Assoc. Prof. Jasenka Gudelj, Ph.D.

Università Ca’ Foscari, Venice, Italy

Jasenka Gudelj is an associate professor of art history and architecture at Ca’ Foscari University in Venice. She earned her Ph.D. in 2008 at the Scuola Studi Avanzati (Venice, Italy), and completed her post-doctoral training at the University of Pittsburgh and the Max Planck Institute for the History of Art at the Bibliotheca Hertziana in Rome. From 2000 to 2020, she was employed at the Faculty of Humanities and Social Sciences of the University of Zagreb. She led research projects on the artistic heritage and identity of Schiavoni immigrant communities in early modern Italy, and she is currently the principal investigator of two projects: “Architectural culture of the Eastern Adriatic in the early modern period” of the European Research Council (ERC) and “Architectural culture of contact regions: Marche and Friuli” of the Ministry of Universities of the Italian Republic. Her research interests include the art of the Renaissance and Baroque, the history of the city, and the theory of architecture and urbanism.

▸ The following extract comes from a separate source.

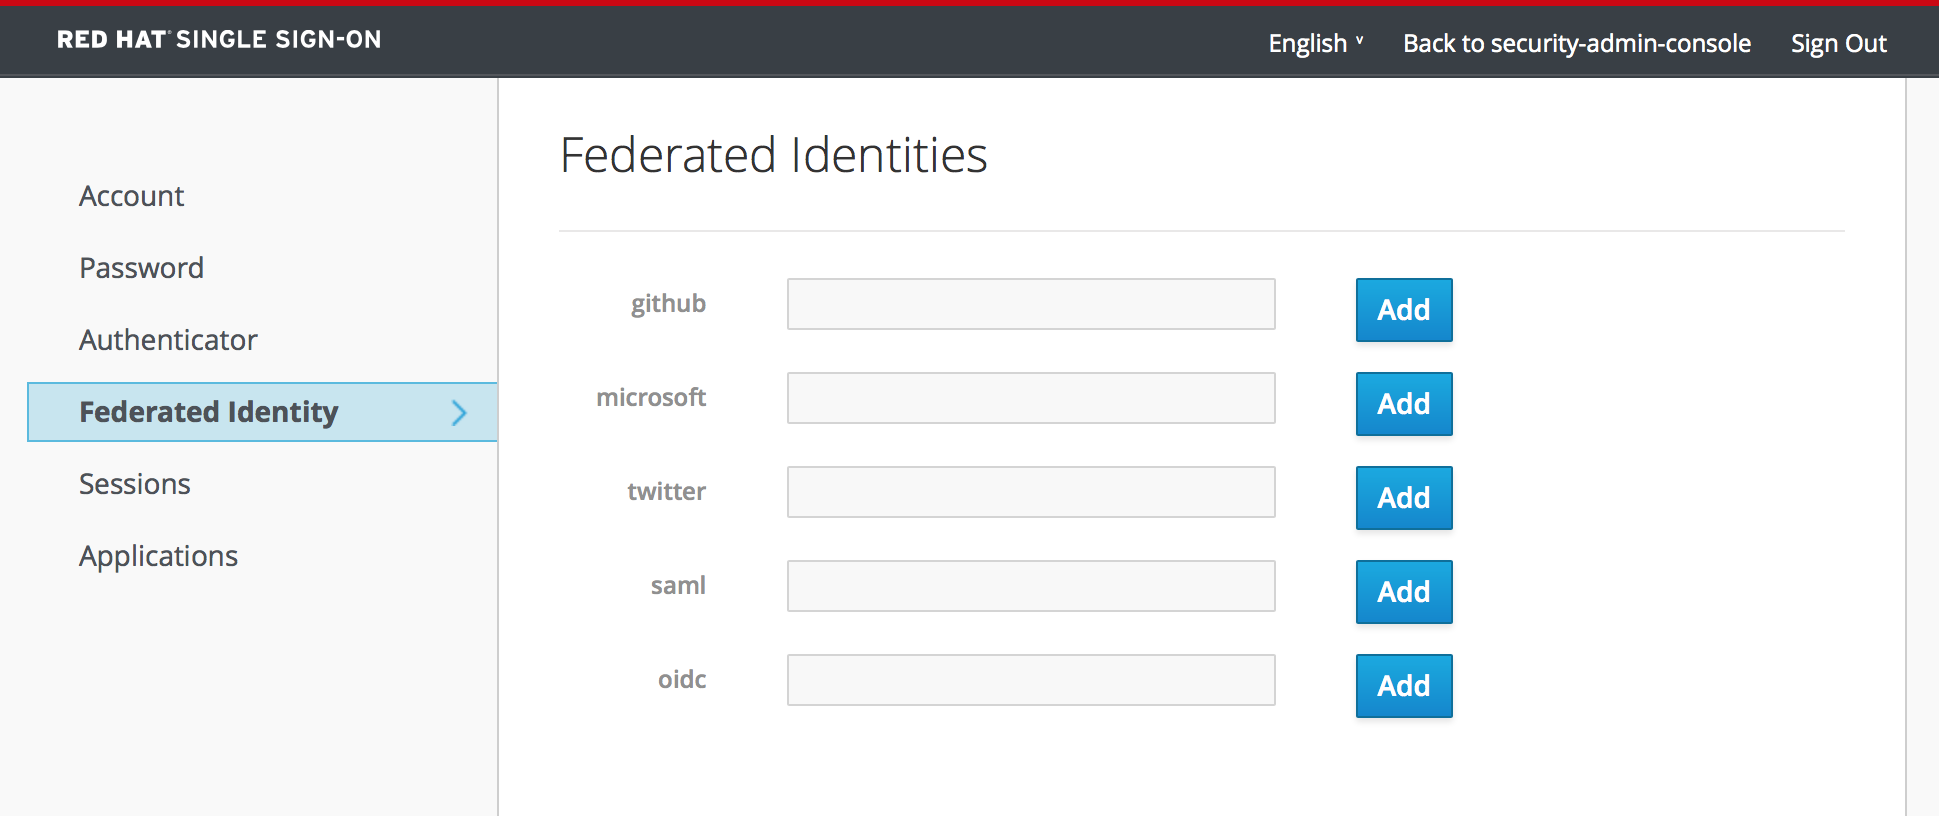 account service federated identity
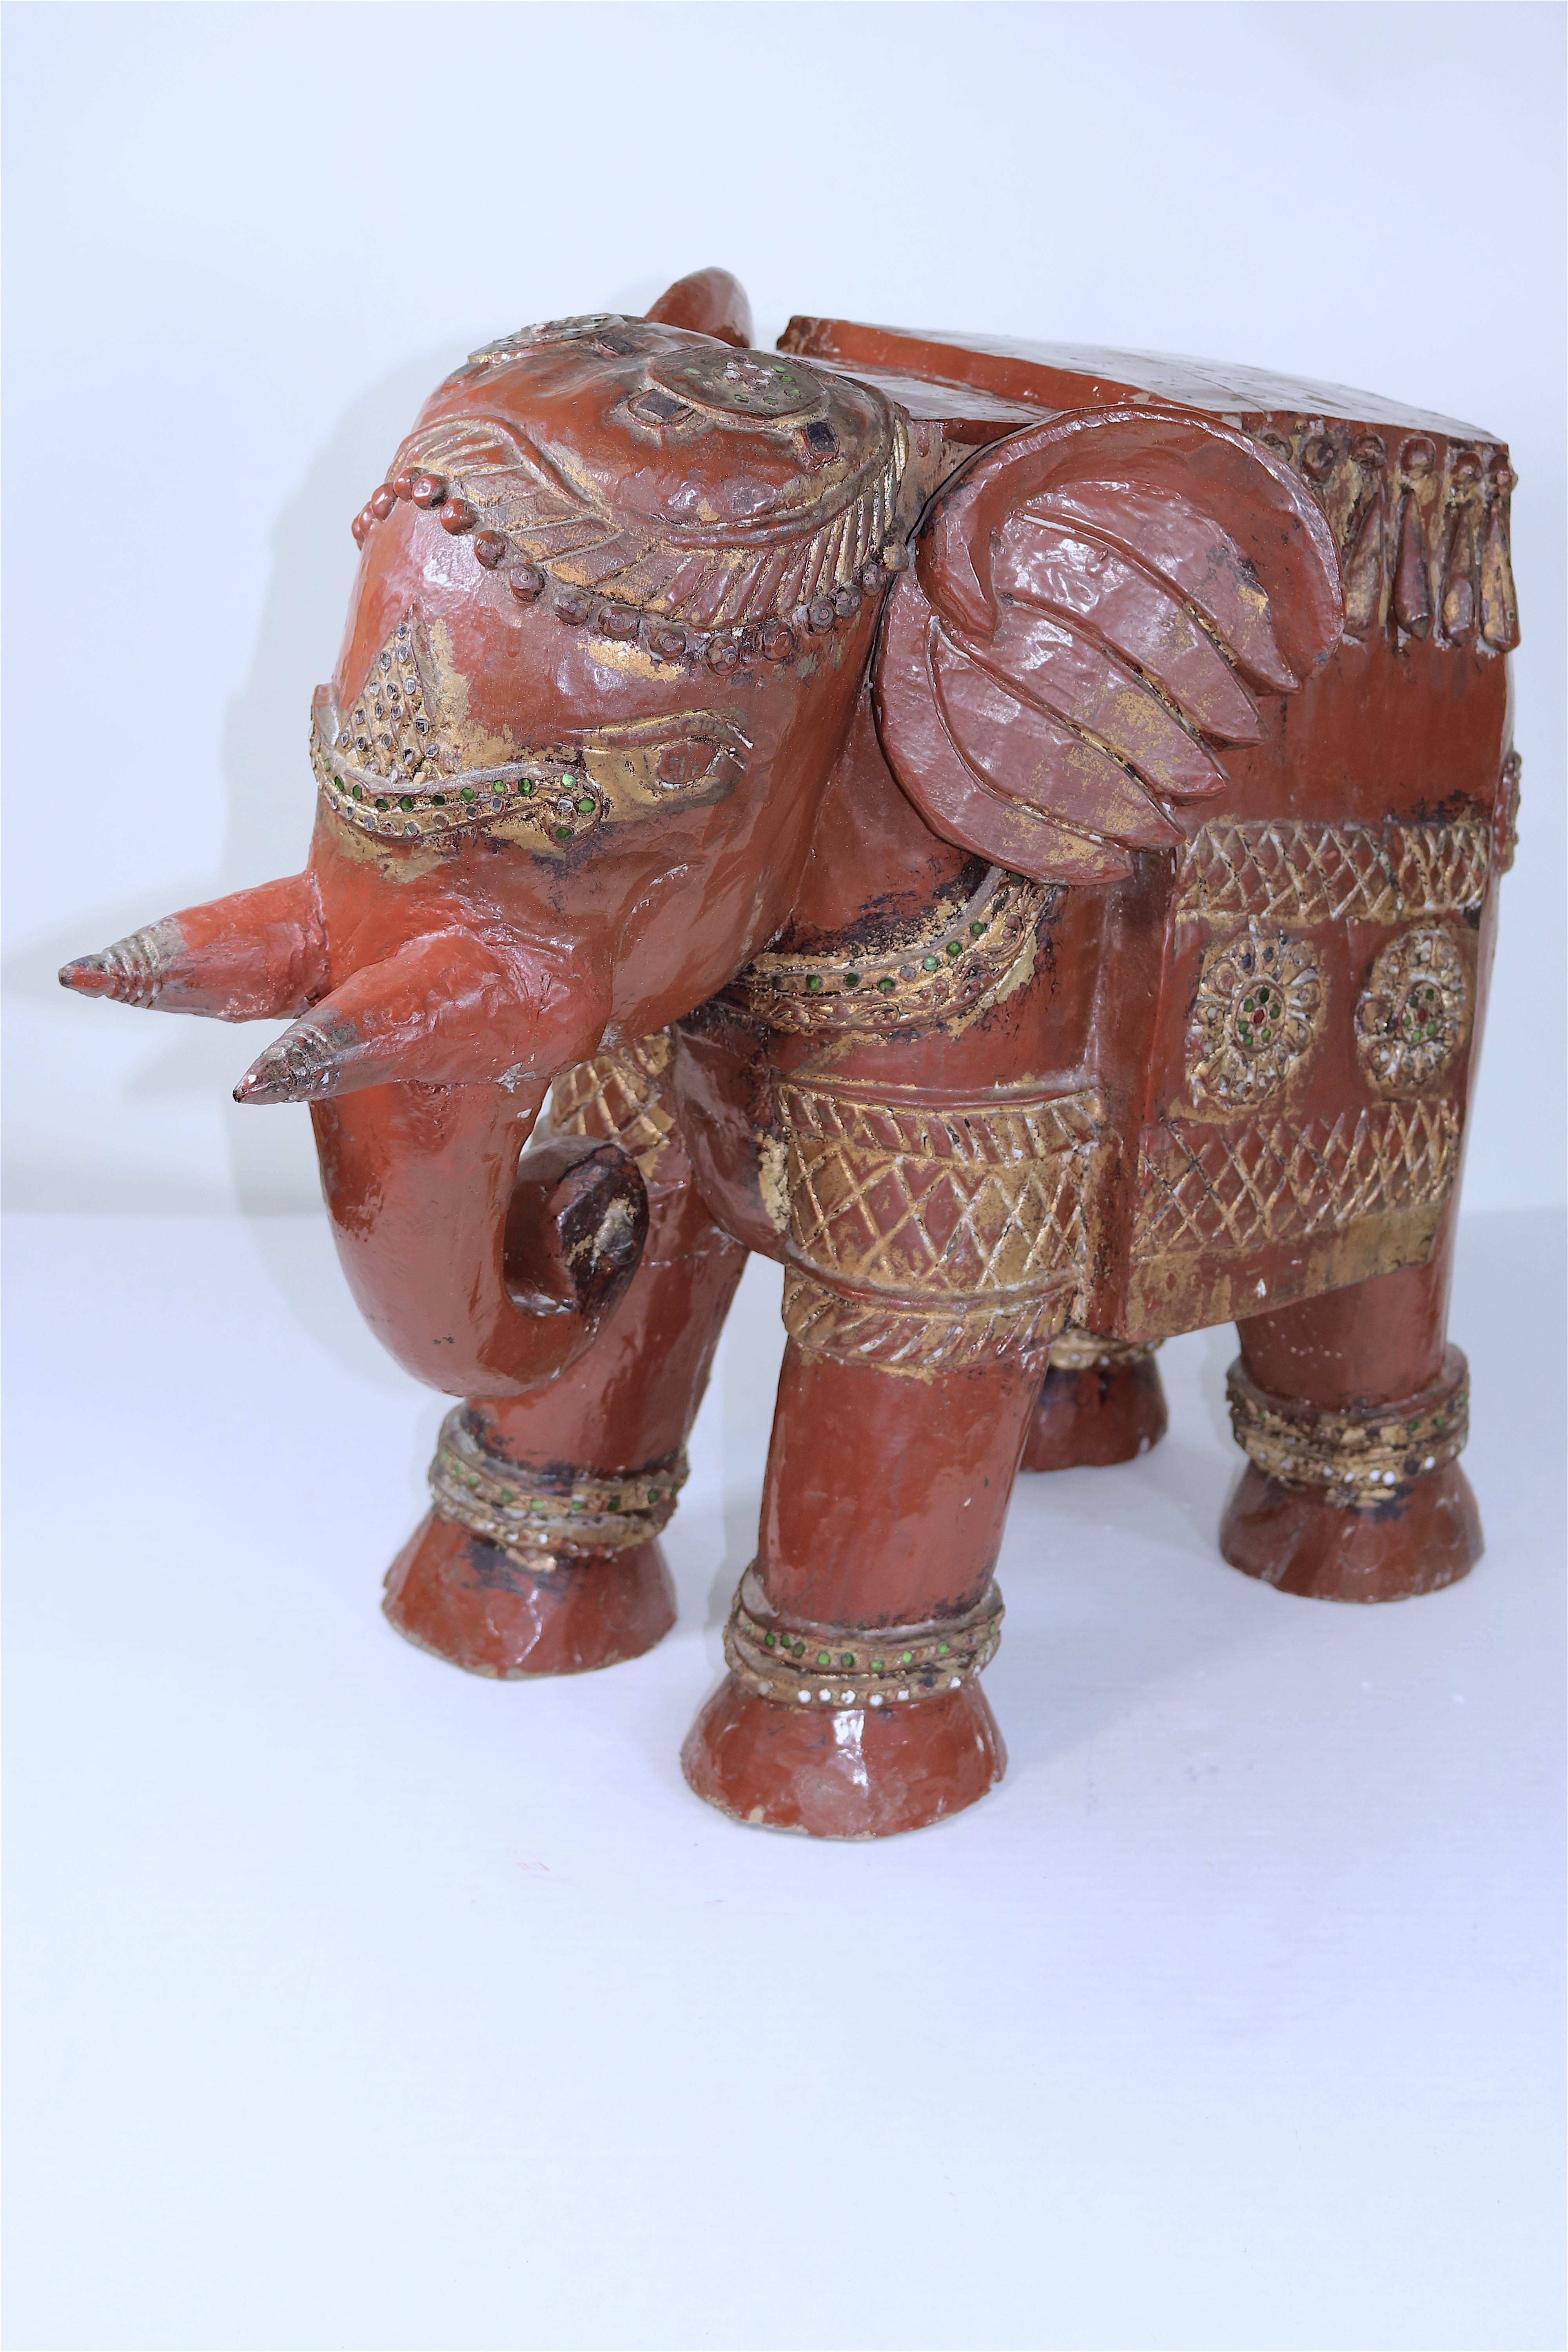 Lacquer Indian Oxblood Teak Carved Elephant Seats, Side Tables   19th Century

Prof. Nenad Ban, M.D., Ph.D.

ETH Zürich, Switzerland

Professor Nenad Ban, a Croatian molecular biologist, was born in Zagreb in 1966. In 1990, he graduated in molecular biology at the Faculty of Science of the University of Zagreb in the group of academics Željko Kućan and Ivana Weygand-Đurašević. He earned his Ph.D. from the University of California, Riverside in 1994, and from 1995, he worked as a postdoctoral researcher at the Department of Molecular Biophysics and Biochemistry at Yale University in the laboratory of Professor Thomas Steitz. Since 2000, he has been leading a research group at the Institute of Molecular Biology and Biophysics of the Federal Technical University (Eidgenössische Technische Hochschule, ETH) in Zürich, where he has been a full professor of structural molecular biology since 2007. His field of research is the process of genetic message translation, i.e. protein biosynthesis. He has been a member of the German National Academy of Sciences Leopoldina since 2008 and the American Academy of Sciences since 2021.